Download useful models for different tasks:

# General purpose models
ollama pull gpt-oss           # OpenAI's open-weight model
ollama pull llama3.2          # Fast, capable model
ollama pull qwen2.5           # High-quality text generation

# Specialised models
ollama pull deepseek-coder    # Code generation
ollama pull nomic-embed-text  # Text embeddings
ollama pull llama3.2:1b       # Lightweight for simple tasks

3. Set Up the MCP Server

Create a new directory and install dependencies:

mkdir mcp-ollama-server
cd mcp-ollama-server

# Copy the files (index.ts, package.json, tsconfig.json)
# Then install dependencies:
npm install

# Create src directory and move index.ts there
mkdir src
mv index.ts src/

# Build the project
npm run build

4. Configure Claude Desktop

Add the server to your Claude Desktop configuration:

macOS: ~/Library/Application Support/Claude/claude_desktop_config.json Windows: %APPDATA%\Claude\claude_desktop_config.json

{
  "mcpServers": {
    "ollama": {
      "command": "node",
      "args": ["/absolute/path/to/your/mcp-ollama-server/dist/index.js"],
      "env": {}
    }
  }
}

5. Restart Claude Desktop

Restart Claude Desktop to load the new MCP server. You should see the Ollama tools available in Claude.

Available Tools

`ollama_generate_text`

Generate text for simple writing tasks, basic summaries, or straightforward content creation.
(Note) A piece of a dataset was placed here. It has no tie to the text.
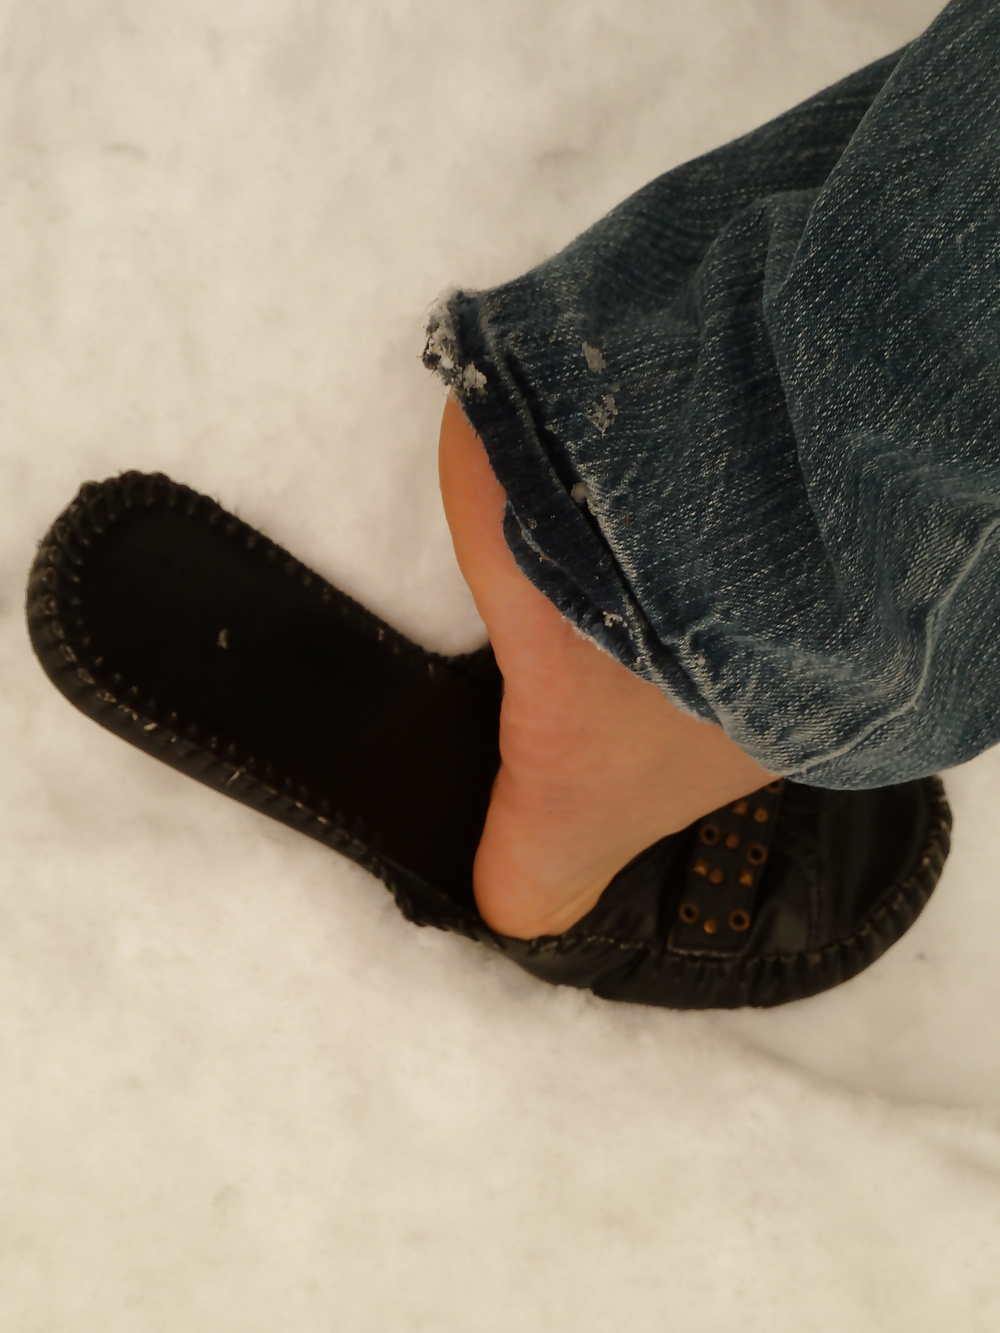 Feet in snow #8299012

Best for: Simple writing, basic explanations, content generation

`ollama_chat`

Have conversations with local models for Q&A, explanations, or dialogue-based tasks.

Best for: Q&A sessions, explanations, interactive tasks

`ollama_embed_text`

Generate text embeddings for semantic similarity, clustering, or search.

Best for: Document similarity, semantic search, clustering

`ollama_code_generation`

Generate code using specialised coding models.

Best for: Simple scripts, boilerplate code, basic programming tasks

`ollama_summarise`

Summarise text content with different length options.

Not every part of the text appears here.